I wrote this back in 2012, but the need for prophets is only greater today, I think…
“Eventually, the world will know they’ve met a prophet – a whole community of prophets.”
This is the last line of the sermon delivered by the Most Reverend Katharine Jefferts Schori to the Episcopal Church’s General Convention in 2012. It’s my most ardent desire to see that come to pass, but the notion of what it means to be a prophet must expand considerably if we are going to reach that summit.
Presiding Bishop Schori gets much right in her address to Convention.
“Prophets speak and act for God, with spoken and incarnate words of strength, hope, and challenge.” Most of that is spot on, but it is still based on the Old Testament model of prophecy. We live under a New Covenant, and under that New Covenant, prophecy’s character changes.
On the other hand, the one who prophesies speaks to people for their upbuilding and encouragement and consolation.
(1 Corinthians 14:3 ESV)
There is a subtle but radical difference between the two.
Old Testament prophecy spoke to a people whose primary means of being in relationship to God was though Law.
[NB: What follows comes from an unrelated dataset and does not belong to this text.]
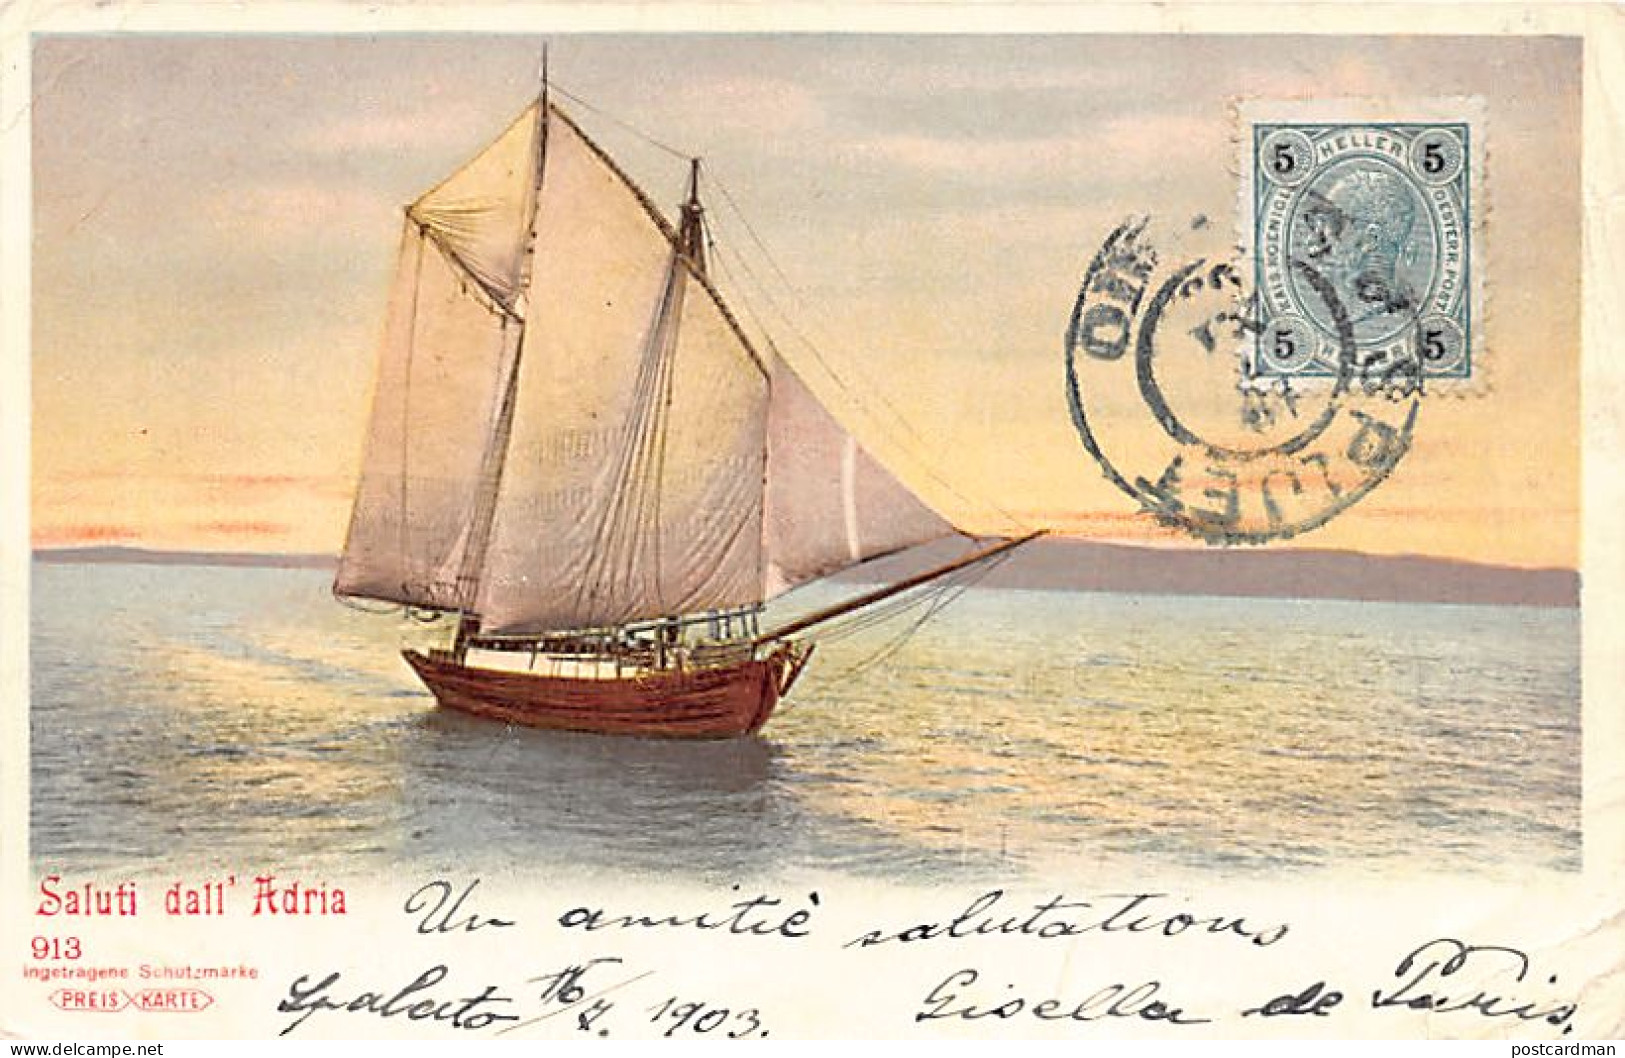 Croatia - Saluti Dall' Adria - Sailing Ship On The Adriatic Sa - Publ. Preis Karte 913 - Croatia
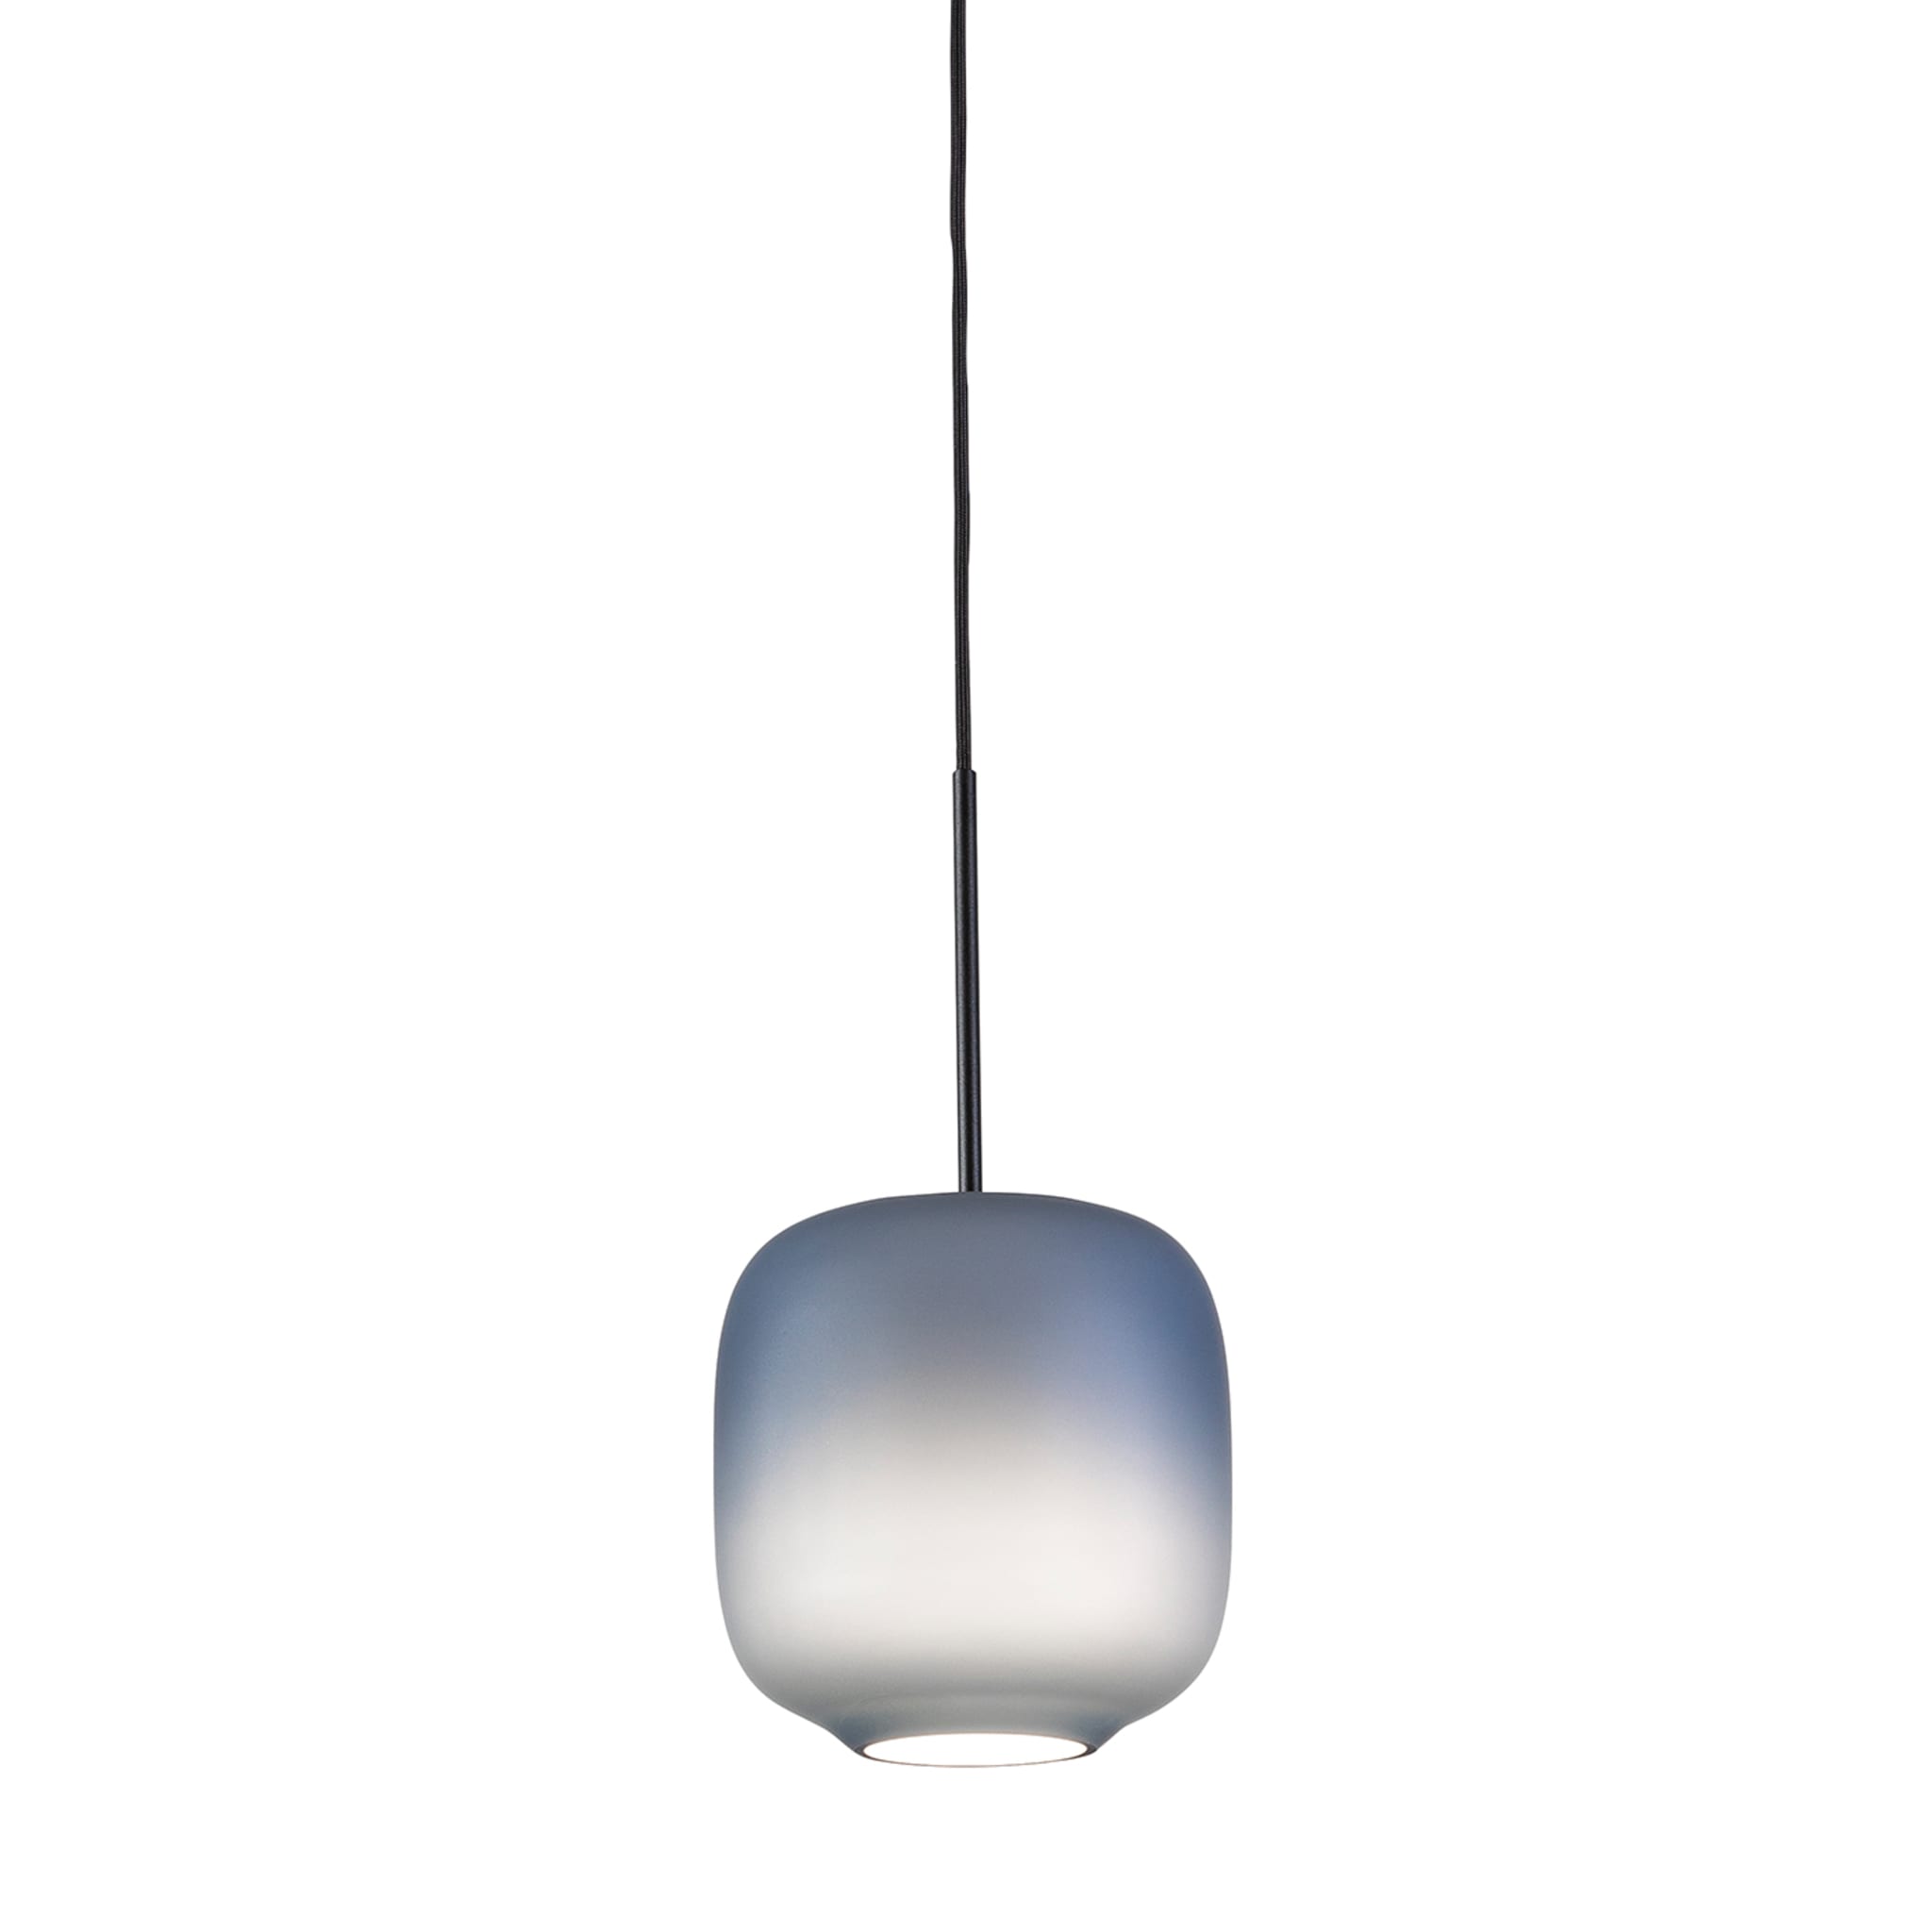 ARYA lampe suspendue bleue #1 par Giulio Cappellini &amp; Antonio Facco - Vue alternative 1

Relationship was grounded in our behavior. One changed relationship by changing behavior, and this is still the focus of the kind of prophecy the presiding bishop speaks about. “Prophetic words of comfort or challenge urge a kind of frontier work – getting across the fence between fear and possibility, reconciling division, transforming injustice, urging the lost onto the road home.”
Under the Old Covenant, that would have been true, but under the New Covenant, prophecy often results in all those things that were mentioned, but it doesn’t focus on the act. It focuses on the identity and calling of the individual or people-group to whom the prophecy is given. It inspires action, it doesn’t call for it.
This is why the only real prophet of the modern day, Dr. Martin Luther King, Jr., is so different from most of our “prophetic” voices of the present. Yes, he advocated for change, but what moved us were not those plans but his visions, his dreams. He was driven by a vision of a reconciled country, a reconciled world, and he gave voice to that dream of God, and it in-spired us. It breathed spirit in where there hadn’t been any, or it had become dormant. His dreams galvanized a country, not his legislative agenda.
Similarly, we are invited as partners with God in the work of reconciliation to speak that into being in the hearts of people imprisoned by division and fear. Prophecy is a gift of the Holy Spirit, and we are urged by Paul to learn and employ this gift. “Pursue love, and earnestly desire the spiritual gifts, especially that you may prophesy.” (1 Corinthians 14:1 ESV) This involves a kind of knowledge of the person or people’s circumstances that can only be given by God, and an ability to hear God’s heart for them, and to speak that into being for them, to name that perfected reality that already exists in the heart of God and allow that dream to draw folks forward.
This doesn’t mean that our hearts don’t break for those suffering under injustice. Indeed, the more sensitive we become to the heart of the one Jesus called “Abba,” the more likely we are to be drawn into service ourselves, but what we do as prophets is speak the Father’s love even for the most hardened, because it is God’s kindness that leads us to repentance (Romans 2:4) not His wrath. Legislation changes behavior, but it doesn’t change hearts. If Dr. King could see the state of our country today, the persistence of racism and all kinds of prejudice among us, I suspect that his heart would break over the failure of our changed laws to change hearts. Yes, things are better, at least for some, but the mothers of color in my congregation still fear for their sons when they send them out on the streets of Long Island, only because of the color of their skin.
It’s fitting that our Gospel text for this week is about the death of John the Baptist. He was the greatest of all the prophets of the Old Testament. Jesus said of him, “I tell you, among those born of women none is greater than John.” (Luke 7:28 ESV) But He went on in the last phrase of the same verse to say, “Yet the one who is least in the kingdom of God is greater than he.”
The Baptist is dead. God needs a new breed of prophets to rise up and draw men and women around the world into the Kingdom with His vision of them, for them.